- _Data section_:

○ ○ ○ ○ ○ ○ ○

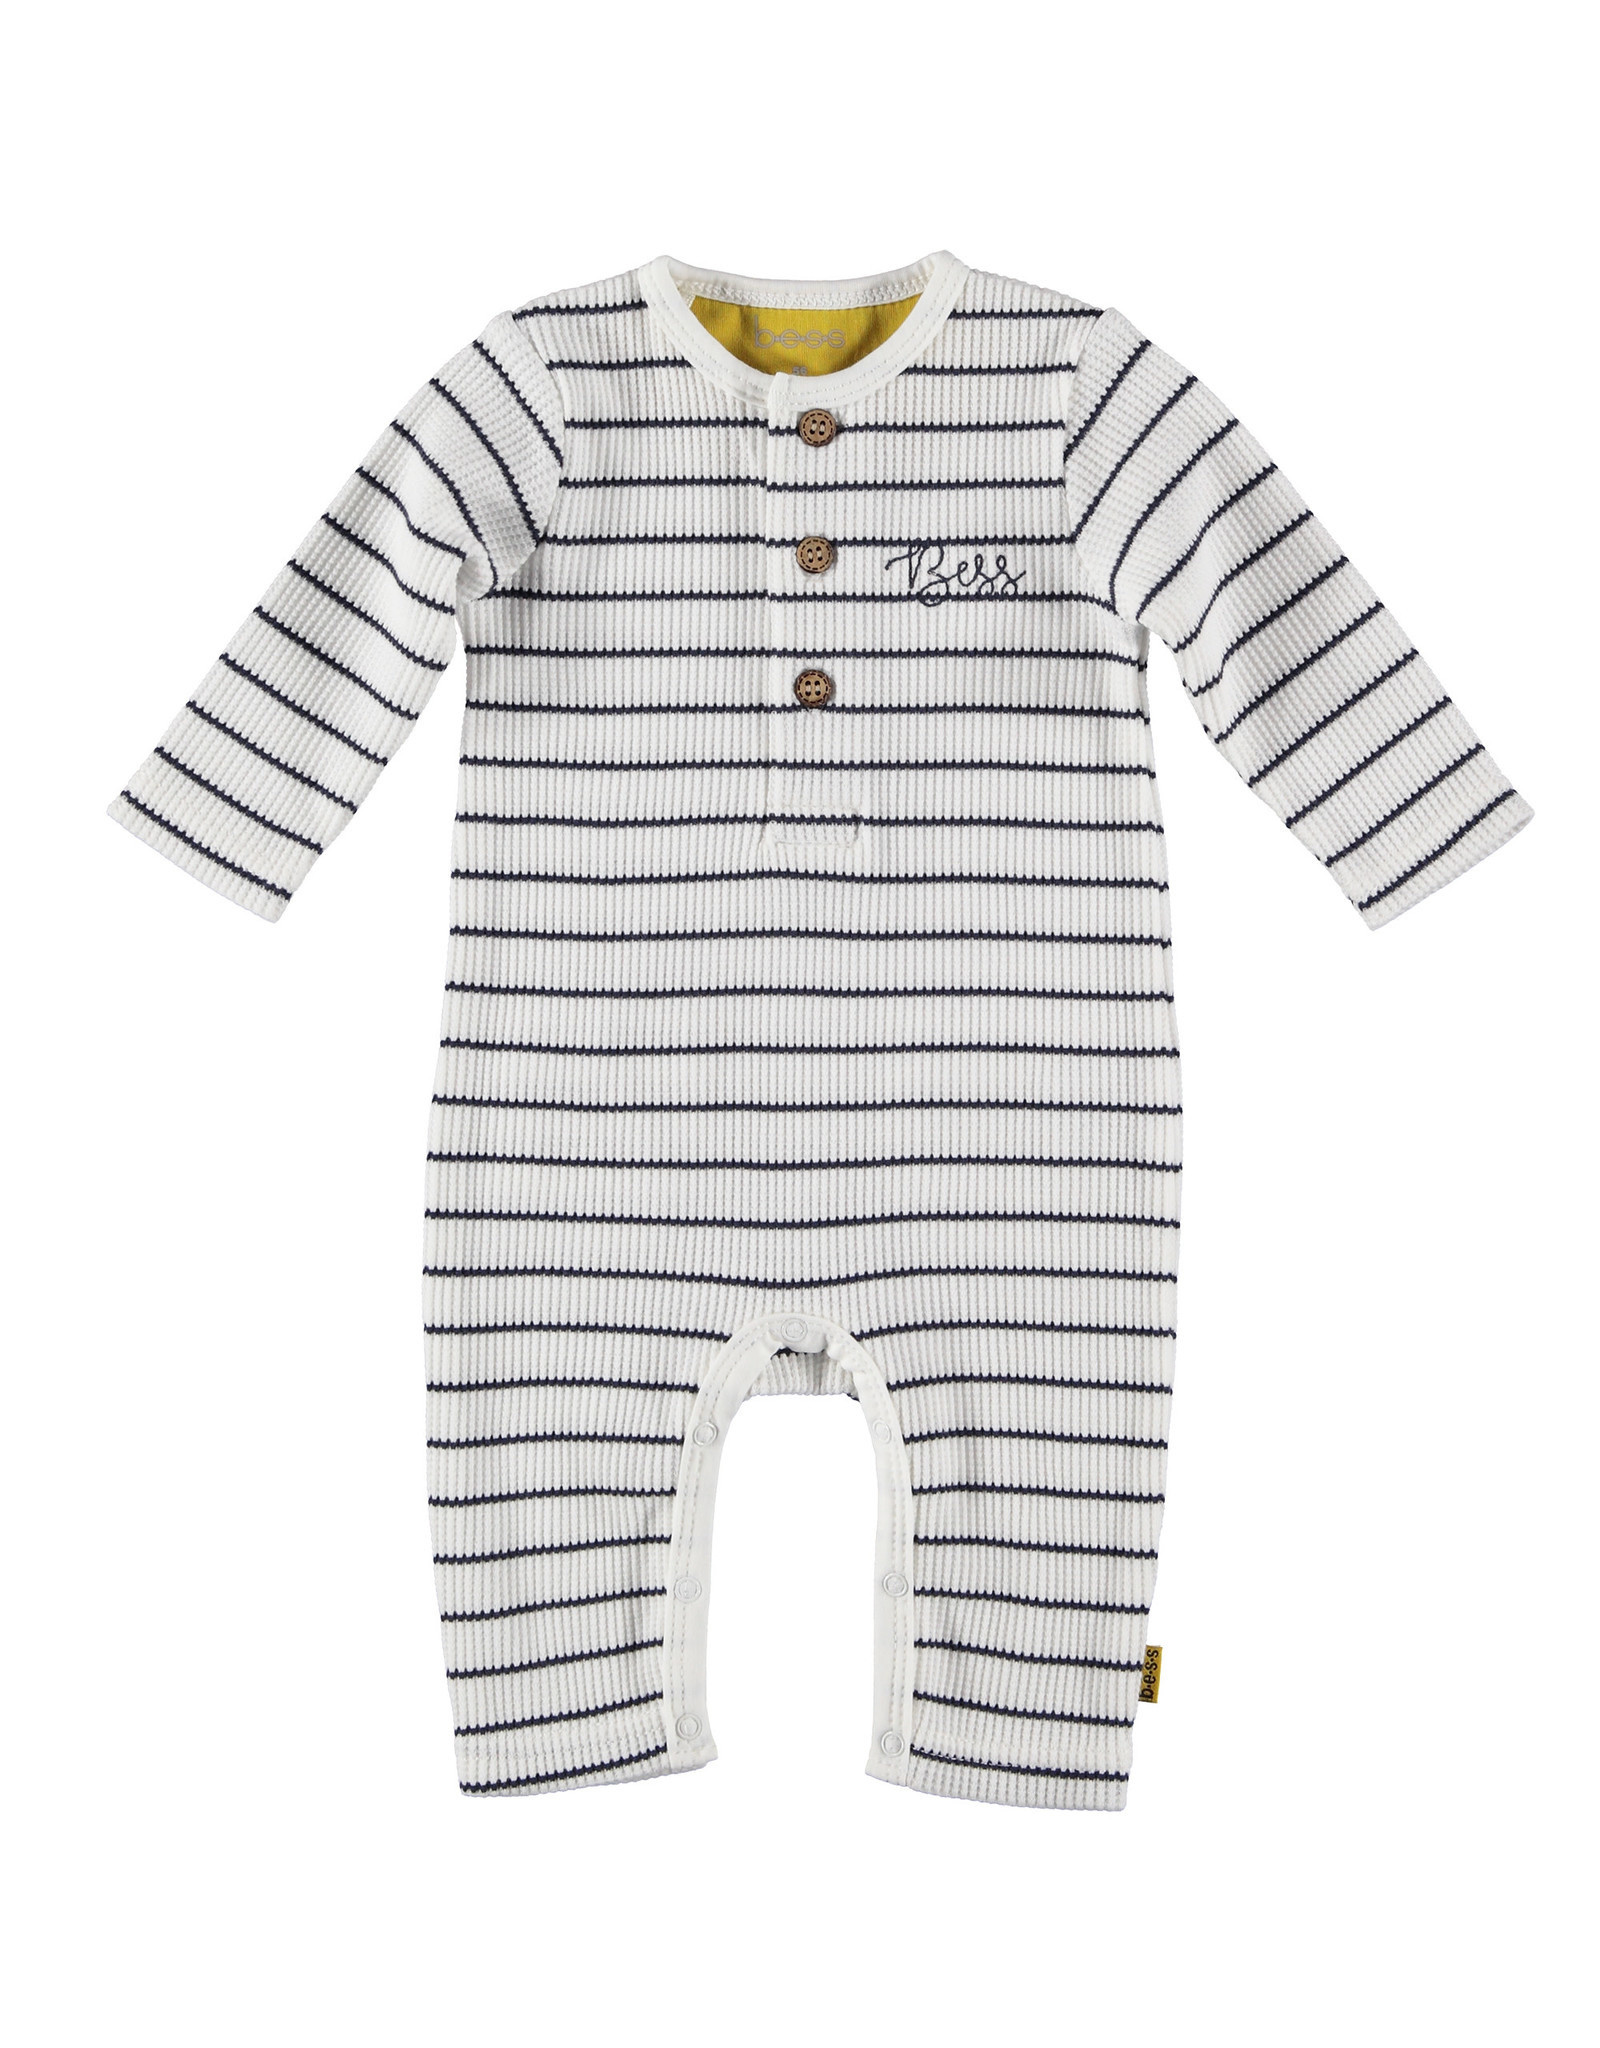 BESS BESS Suit Henley Striped White
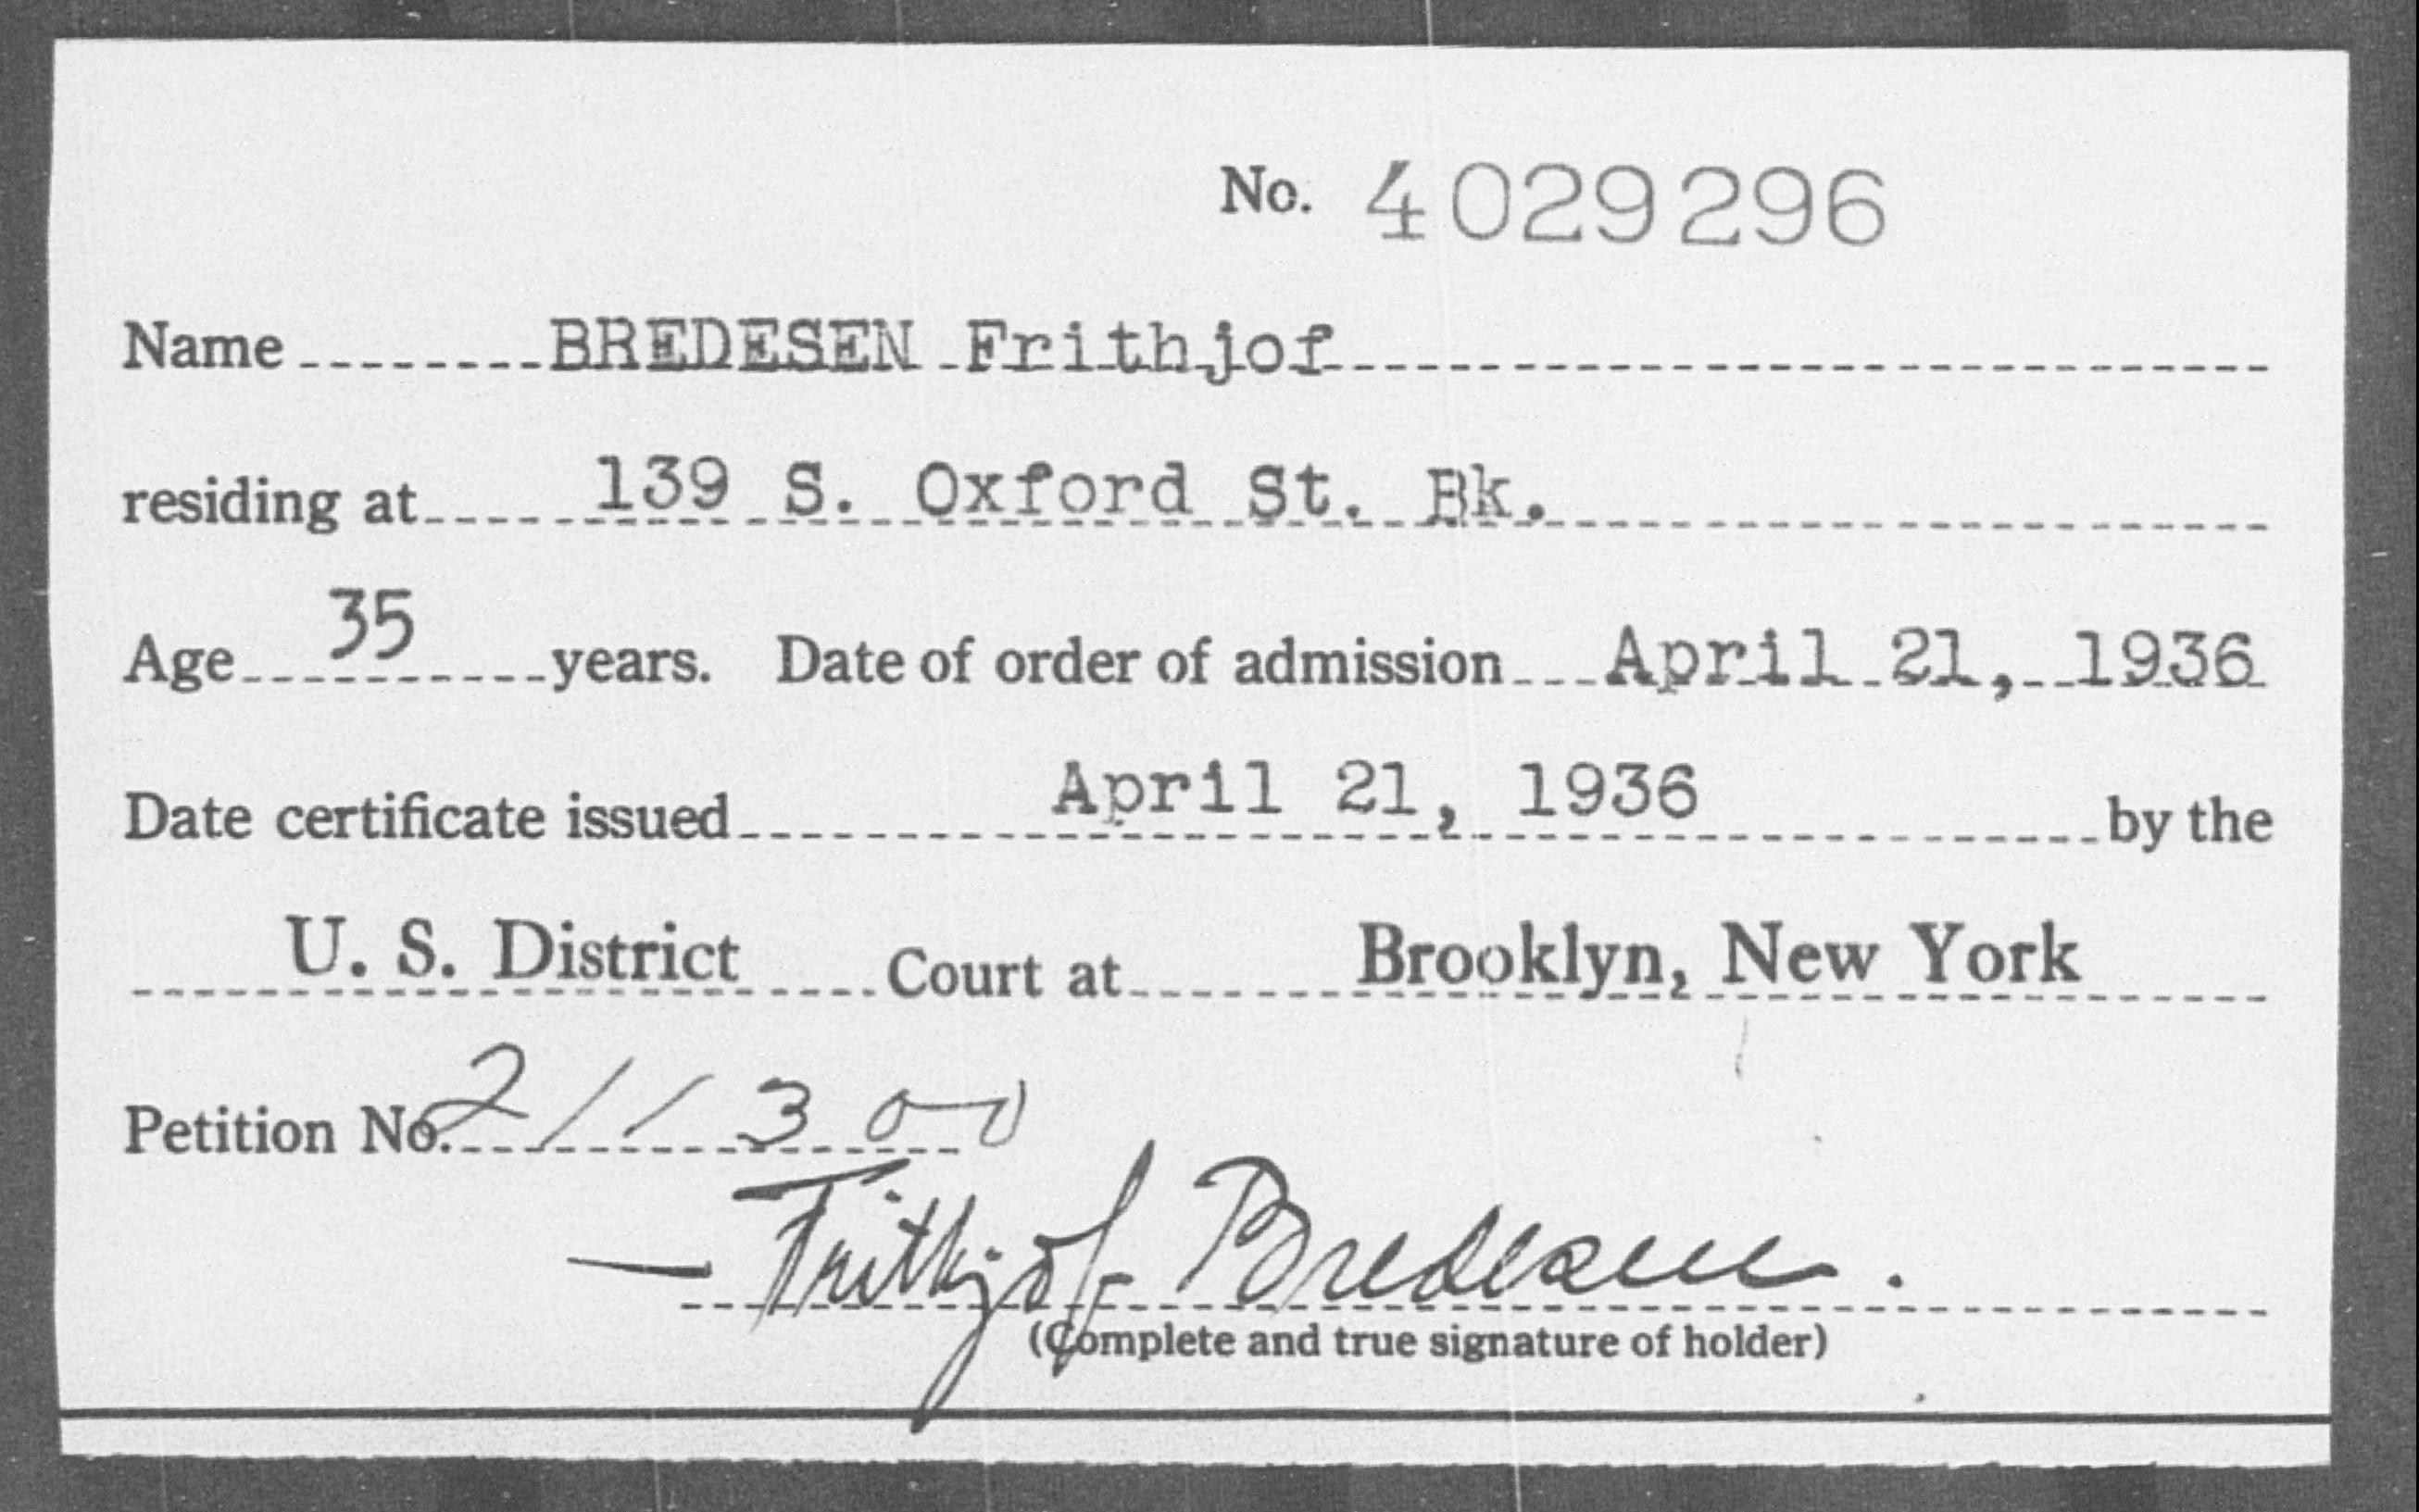 BREDESEN Frithjof - Born: [BLANK], Naturalized: 1936
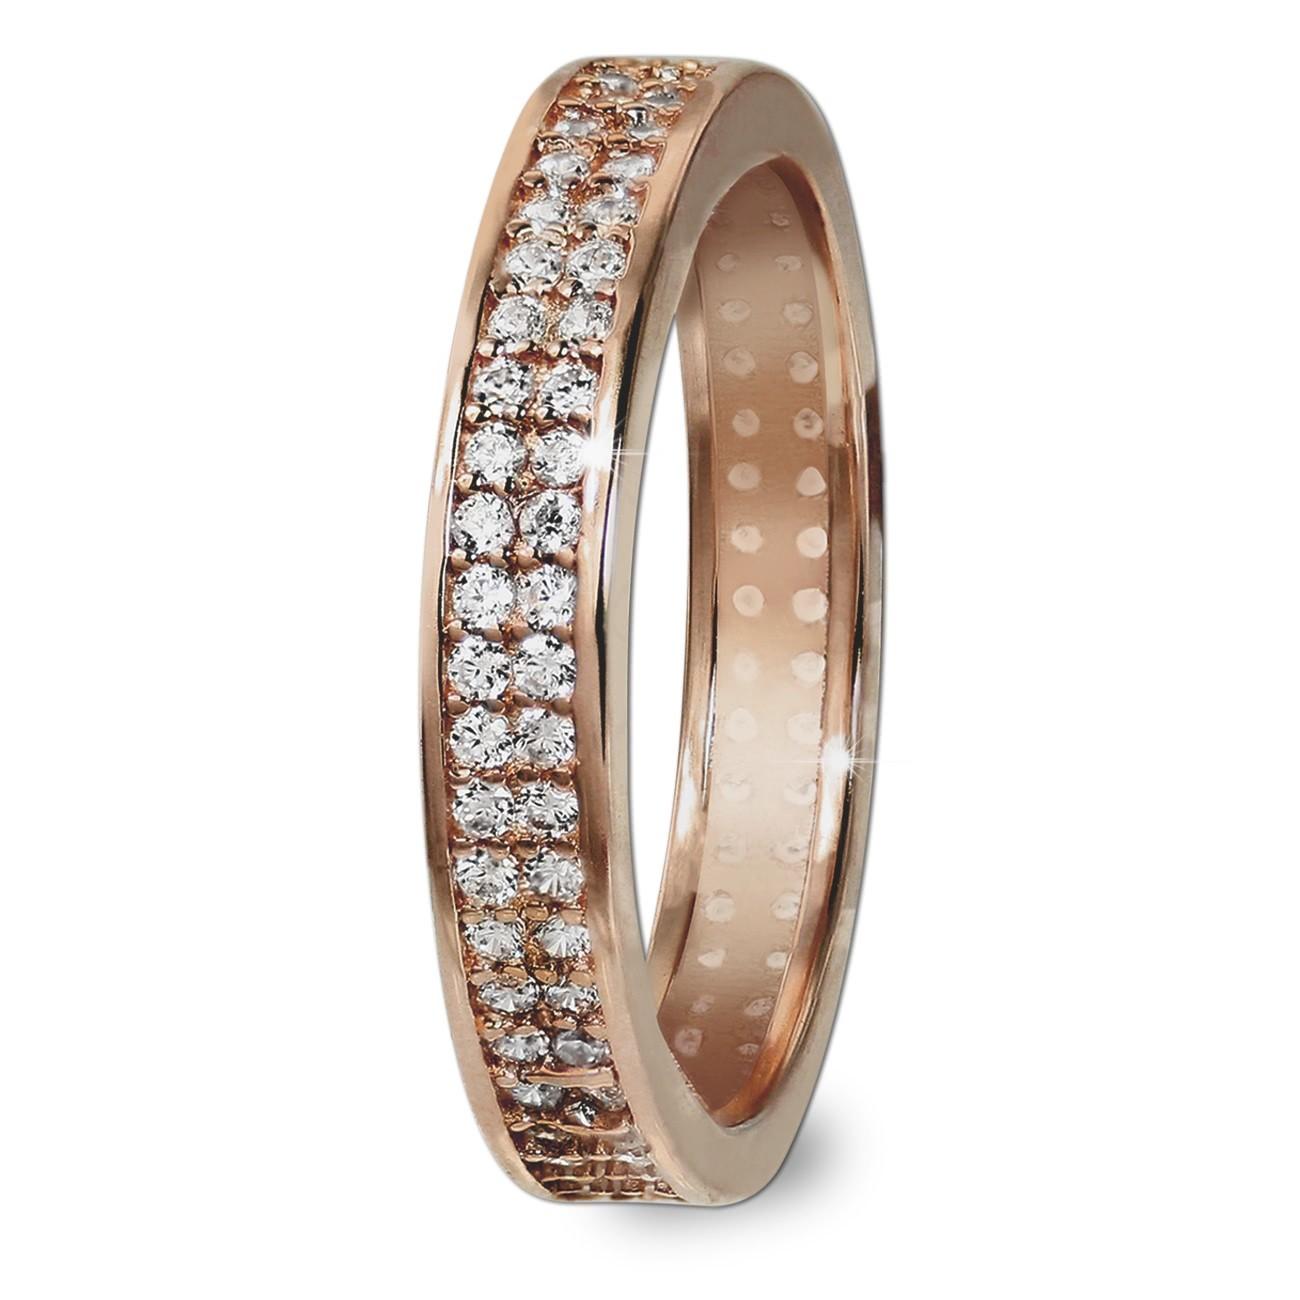 GoldDream Gold Ring Gr.56 Zirkonia weiß 333er Rosegold GDR514E56

○ ○ ○ ○ ○ ○ ○

- _Action item_:
Transcribe the data verbatim. No picture belongs in the result.

- _Answer section_:
 BESS BESS Suit Henley Striped White
 BREDESEN Frithjof - Born: [BLANK], Naturalized: 1936
 GoldDream Gold Ring Gr.56 Zirkonia weiß 333er Rosegold GDR514E56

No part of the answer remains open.